Wednesday, November 11, 2015: 1:10 PM
252A/B (Salt Palace Convention Center)
Rubens Gedraite Sr.1, Sergio Neiro2, Fernando Guerreiro Sr.3, Carlos Ataide3 and Carlos Sá4, (1)FEQ, UFU, Uberlândia, Brazil, (2)Chemical Engineering, Federal University of Uberlância, Uberlândia, Brazil, (3)UFU, Uberlândia, Brazil, (4)Petrobras, Rio de Janeiro, Brazil

The recovery of drilling fluid is essential in the oil and gas drilling under the environmental and economic point of view. These fluids are basically colloidal suspensions classified according to their base components in aqueous and non-aqueous fluids. The equipment typically utilized in solid-liquid separation units are divided into three groups sequentially arranged: shale shakers, hidrociclones (desander and desilter) and centrifugal decanter. Understanding the dynamic behavior of the shale shaker is very important to reduce the process load applied to the subsequent equipment. This paper presented a contribution on the experimental research on employment of g-force control loop dimensionless number applied to a vibrating screen prototype. The study was conducted based on the method traditionally employed in solids control units. The manipulated process variable is the rotation imposed on motor vibrators installed in the vibrating screen. The results obtained in the experiments indicate an appropriate and consistent operation of the proposed control loop. The dimensionless number g-force was maintained close to the set-point value, ensuring repeatability for the experiments.
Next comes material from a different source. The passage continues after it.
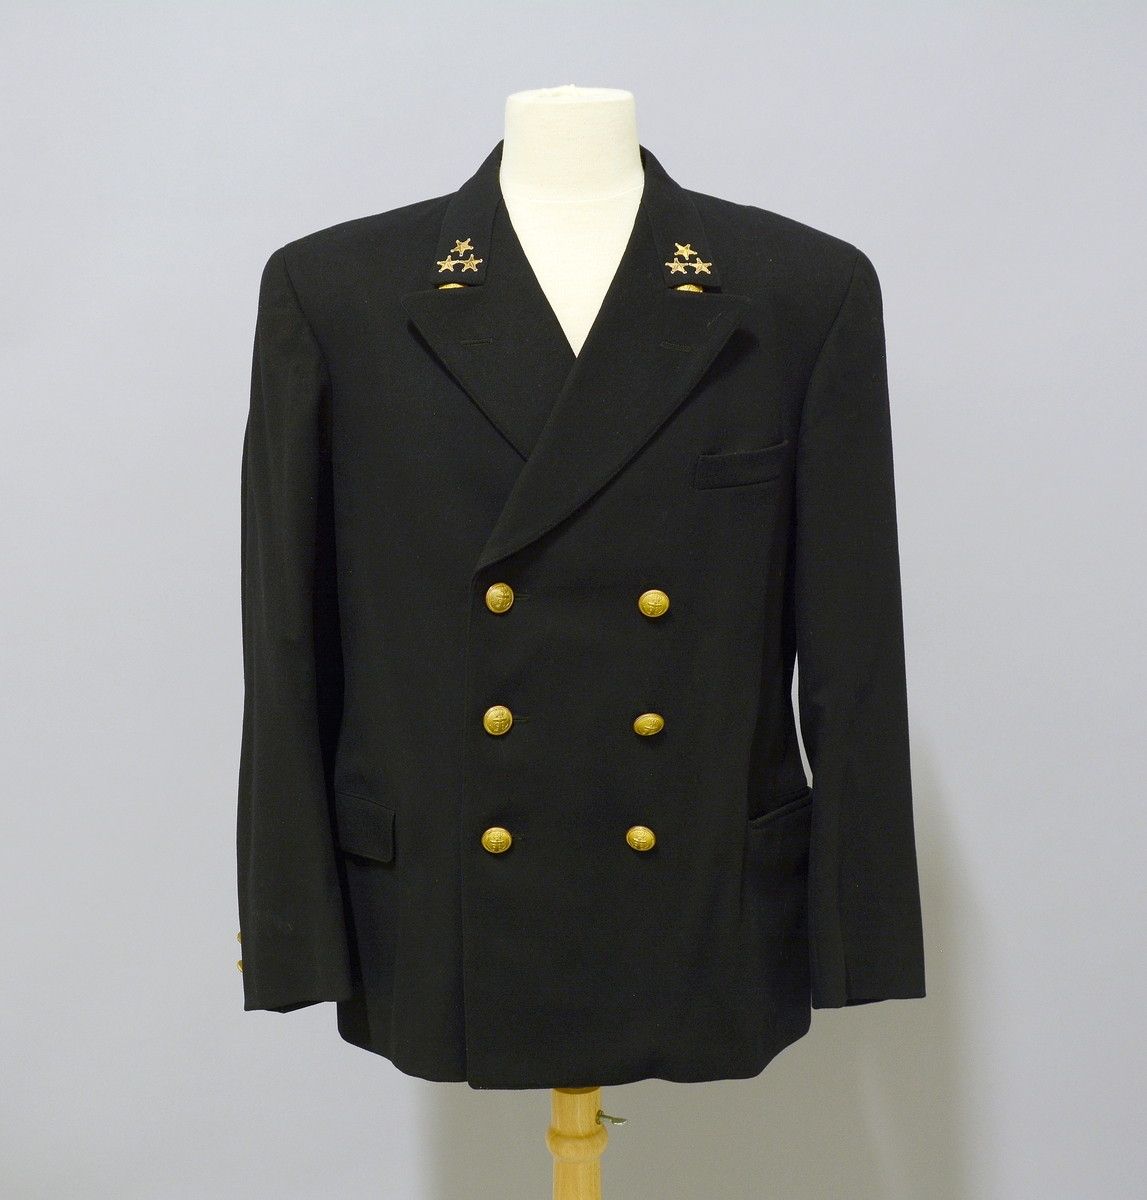 Uniformsjakke til Telemarksbåtene. Sort uniformsjakke i ull. Kraven har tre påsydde stjerner på hver side. Foran er det tre stk knapper med anker på hver side av åpningen, samt to lommer med klaff og brystlomme.

The use of higher dimensionless values of g-force does not necessarily assured greater removing of residual liquid entrained with the solid material retained by the sieve screen. One possible reason for this behavior is the fact that the greater intensity of vibration provided by motor vibrators helped to increase the solid transport speed on the display screen, reducing the effect of elimination of retained fluid.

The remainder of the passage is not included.